无法使用 Python 解压缩 GCS 存储桶中受密码保护的 .gz 文件
unable unzip password protected .gz file in GCS bucket using Python
尝试在 GCS 中解压缩受密码保护的文件,但在以下代码中出现错误。下面的代码可以很好地处理普通的 .gz 文件,但无法解压缩受密码保护的文件。
storage_client = storage.Client()
source_bucket = 'bucket'
source_bucket1 = storage_client.bucket(source_bucket)
blob = source_bucket1.blob("path/filename.gz")
zipbytes = io.BytesIO(blob.download_as_string())
print(zipbytes)
if is_zipfile(zipbytes):
with ZipFile(zipbytes, 'r') as myzip:
for contentfilename in myzip.namelist():
contentfile = myzip.read(contentfilename)
contentfilename = contentfilename[:-3]
blob1 = bucket.blob(contentfilename)
blob1.upload_from_string(contentfile)
print(f'File decompressed from {zipfilename_with_path} to {contentfilename}')
blob.delete()
您可以使用 Python,例如来自云函数:
from google.cloud import storage
from zipfile import ZipFile
from zipfile import is_zipfile
import io
def zipextract(bucketname, zipfilename_with_path):
storage_client = storage.Client()
bucket = storage_client.get_bucket(bucketname)
destination_blob_pathname = zipfilename_with_path
blob = bucket.blob(destination_blob_pathname)
zipbytes = io.BytesIO(blob.download_as_string())
if is_zipfile(zipbytes):
with ZipFile(zipbytes, 'r') as myzip:
for contentfilename in myzip.namelist():
contentfile = myzip.read(contentfilename)
blob = bucket.blob(zipfilename_with_path + "/" + contentfilename)

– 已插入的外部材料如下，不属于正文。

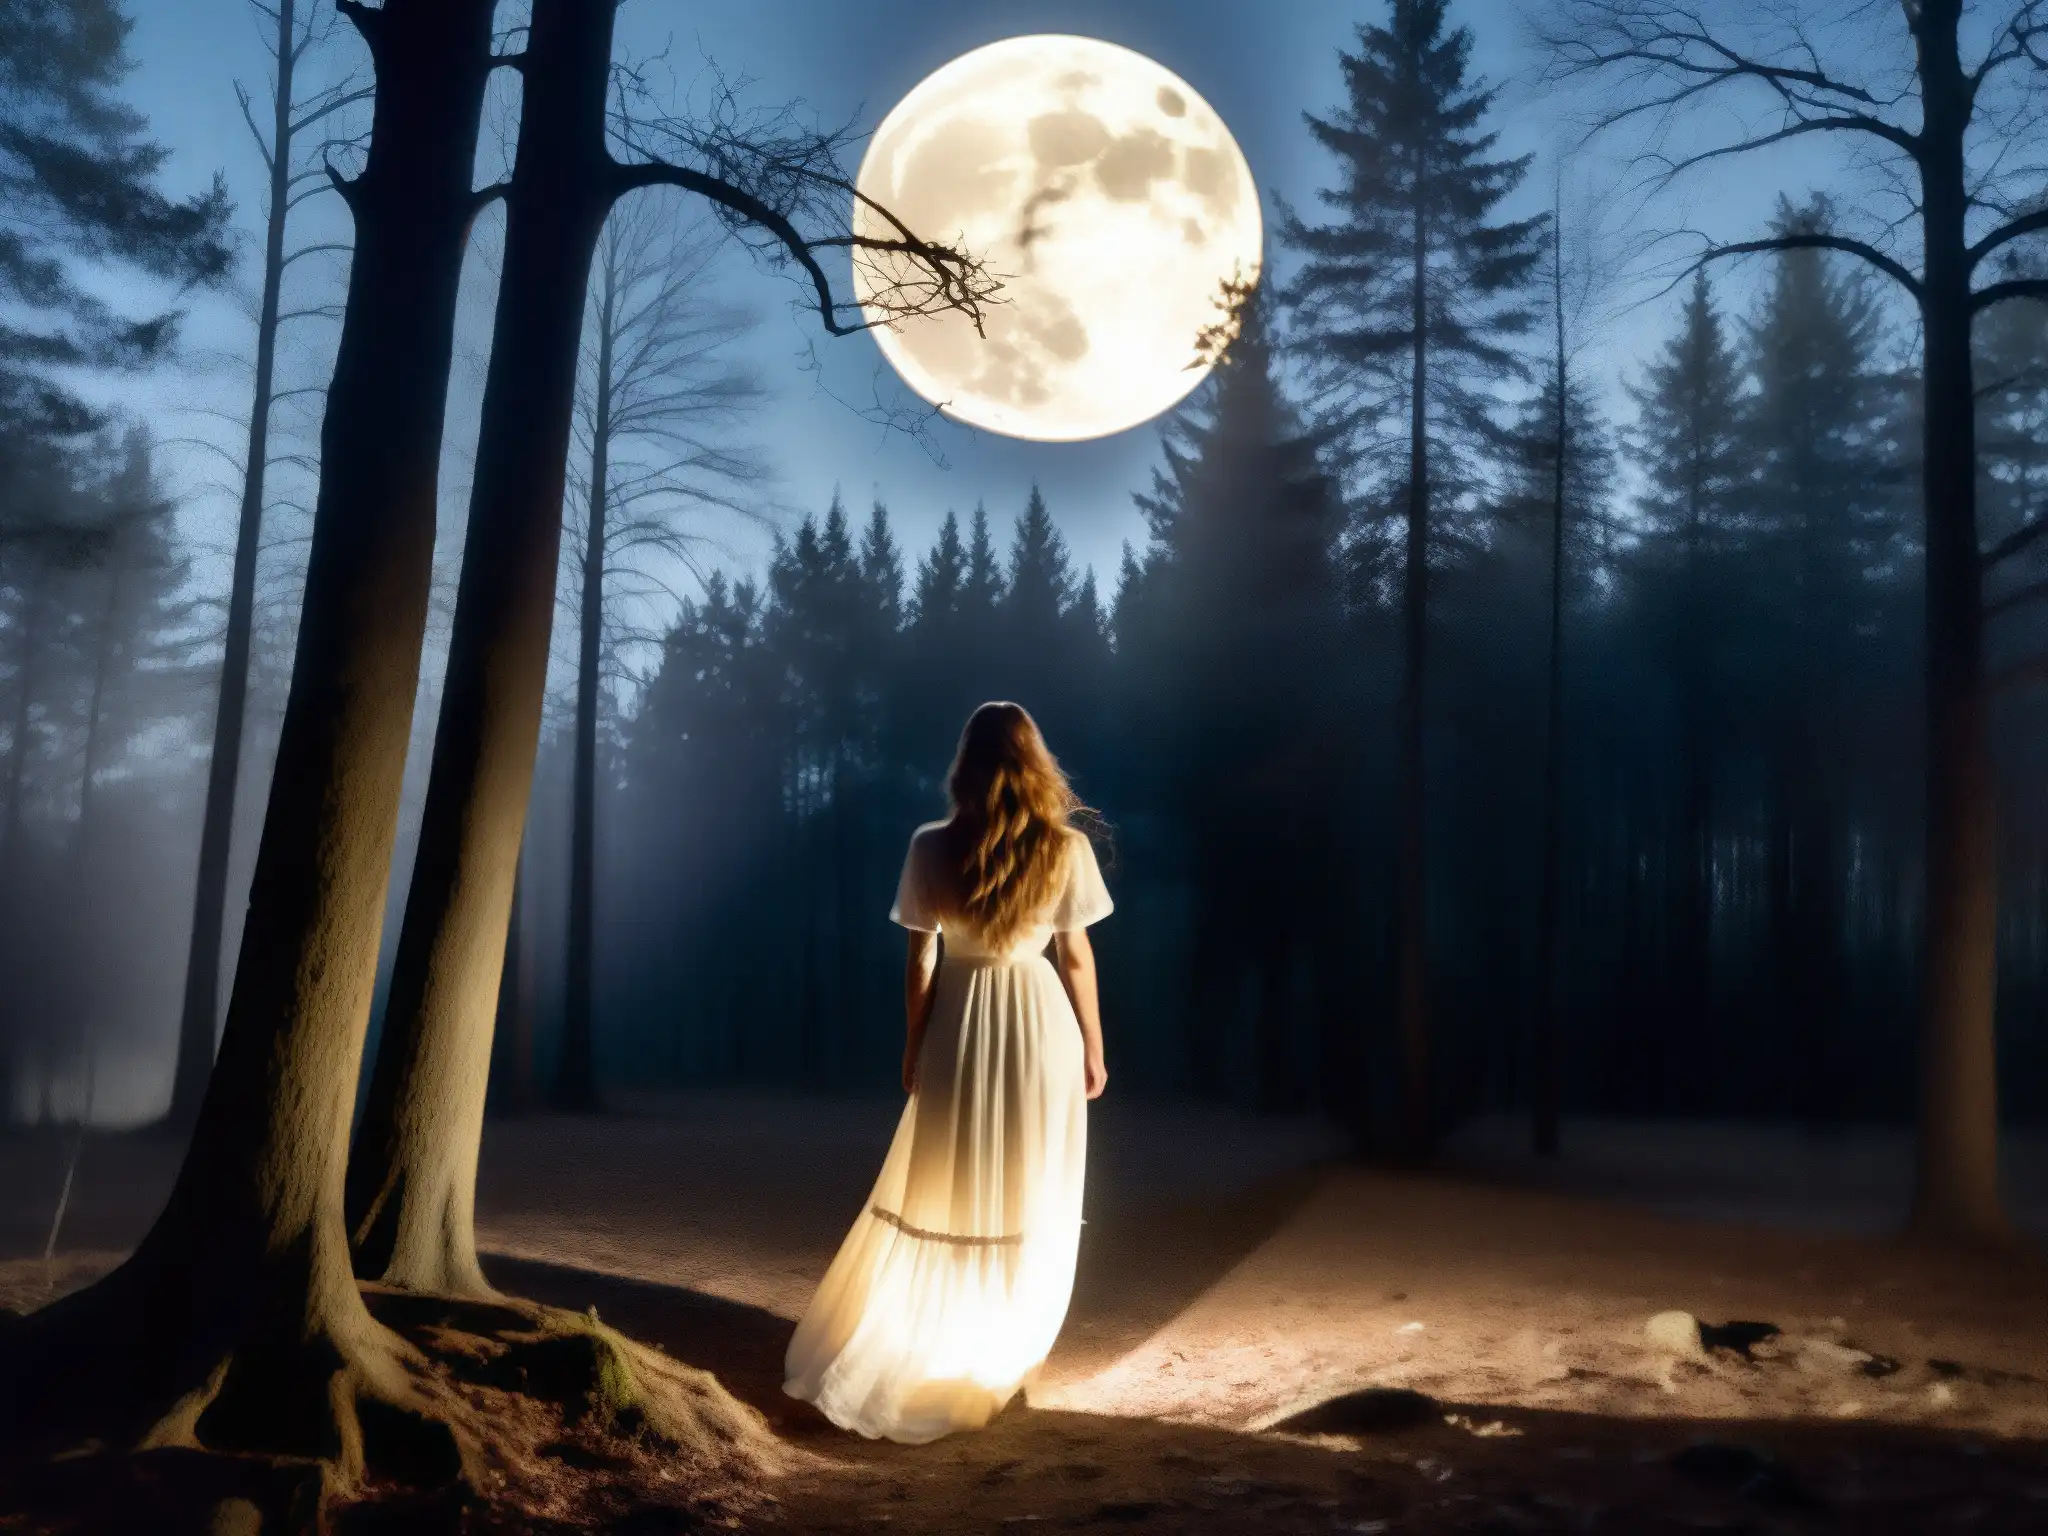 Silueta misteriosa de La Cegua en bosque nocturno iluminado por la luna, evocando el mito centroamericano

blob.upload_from_string(contentfile)
zipextract("mybucket", "path/file.zip") # if the file is gs://mybucket/path/file.zip
我能够使用以下逻辑读取 .csv.gz 受密码保护的文件。所有这些都是在内存中完成的。如果文件很大但工作正常,则会出现性能问题。
storage_client = storage.Client()
source_bucket = '<bucket-name>'
source_bucket1 = storage_client.bucket(source_bucket)
bukcet_folder = '/unzip'
blob = source_bucket1.blob(path)
zipbytes = io.BytesIO(blob.download_as_string())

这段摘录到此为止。